During the first half of 2006, the Mexican securitization market justified the confidence it has inspired among emerging market players. While it took a couple of months to get started, Mexico's domestic ABS and MBS arenas cranked out Ps30.5 billion ($2.8 billion) from a total of 16 issuers (see table, p.25). The presidential elections of July 2 closed the window of issuance only for the longest-term deals and only a couple of weeks prior to the ballot. In fact, the week leading up the vote, three deals came out for the local currency equivalent of $532 million.
A total of 12 investment banks and financial consultancies led transactions in the period from January through June. Foreign arrangers kept busy, with names like HSBC, BBVA Bancomer, Citigroup unit Acciones y Valores, and Credit Suisse bringing deals.
Among the period's more noteworthy events, on March 22, sole lead Acciones y Valores closed a Ps2.2 billion, five-year transaction backed by a dollar denominated cross-border bond issued by the government of Mexico and maturing in 2011. The transaction was the first of its kind in Mexico and involved a currency hedge to mitigate the risk of transferring the dollar payments on the collateral into pesos.

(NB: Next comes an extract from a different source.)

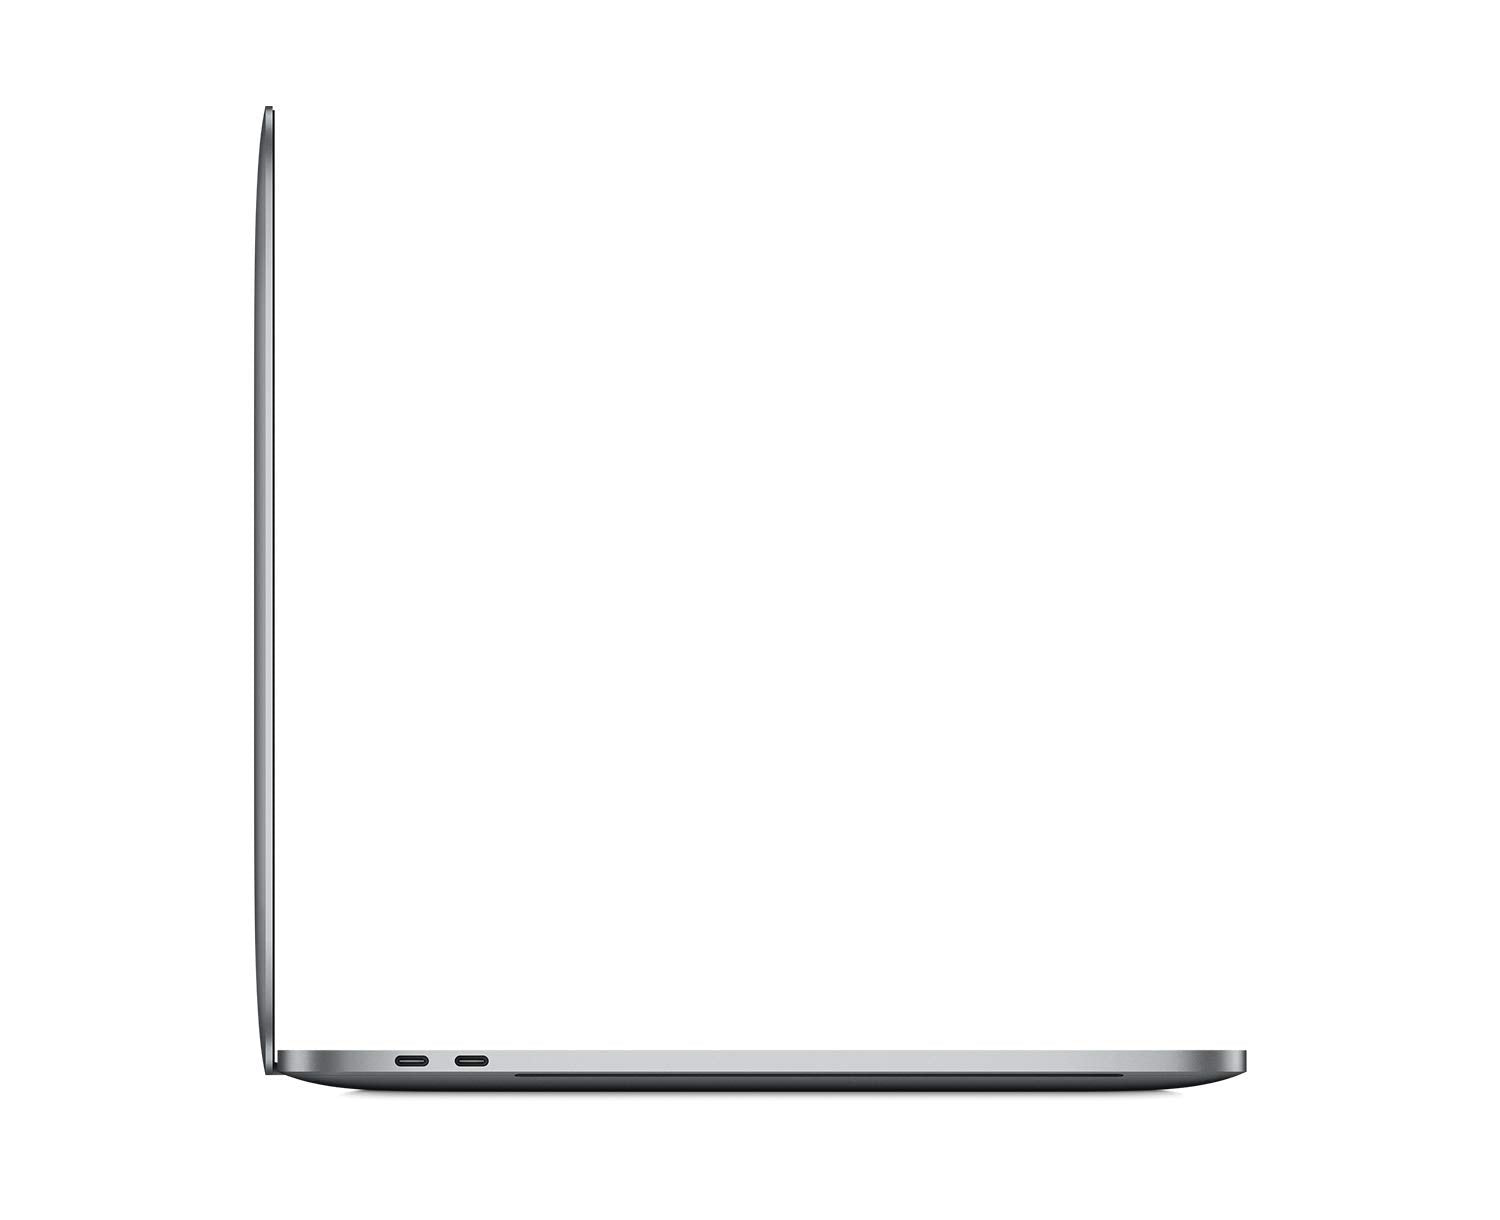 Apple MacBook Pro (15-inch, 2.6GHz 6-core 9th-generation Intel Core i7 processor, 256GB) - Space Grey (Latest Model)

Local arranger Banorte followed up with a similar, but bulkier, two-tranche transaction on June 29. One tranche, totaling Ps3.8 billion piece, was backed in equal parts by Mexican bonds due 2009 and 2010, and the other tranche, for Ps1.1 billion, was backed by Mexican paper maturing in 2014.
Meanwhile, Unifin Arrendadora introduced the Mexican marketplace to another novel asset: car leases. The originator closed a Ps200 million, five-year deal via local brokerage IXE on May 24. More deals are likely, given that Unifin registered a Ps1bn shelf with regulators.
Likewise, car registration fees made their debut as an asset class in the first half of the year. The Instiuto de Control Vehicular del Estado de Nuevo Leon, an agency of the Nuevo Leon state government, tapped those fees in a 30-year transaction totaling 133 million inflation-indexed units ($44 million).
The steady drumbeat of business, particularly in the housing finance sector, keeps attracting arrangers. In the first half yet another foreign investment bank threw its hat into the peso ring, as Standard Bank made a local hire as part of a bid to enter the domestic arranging game.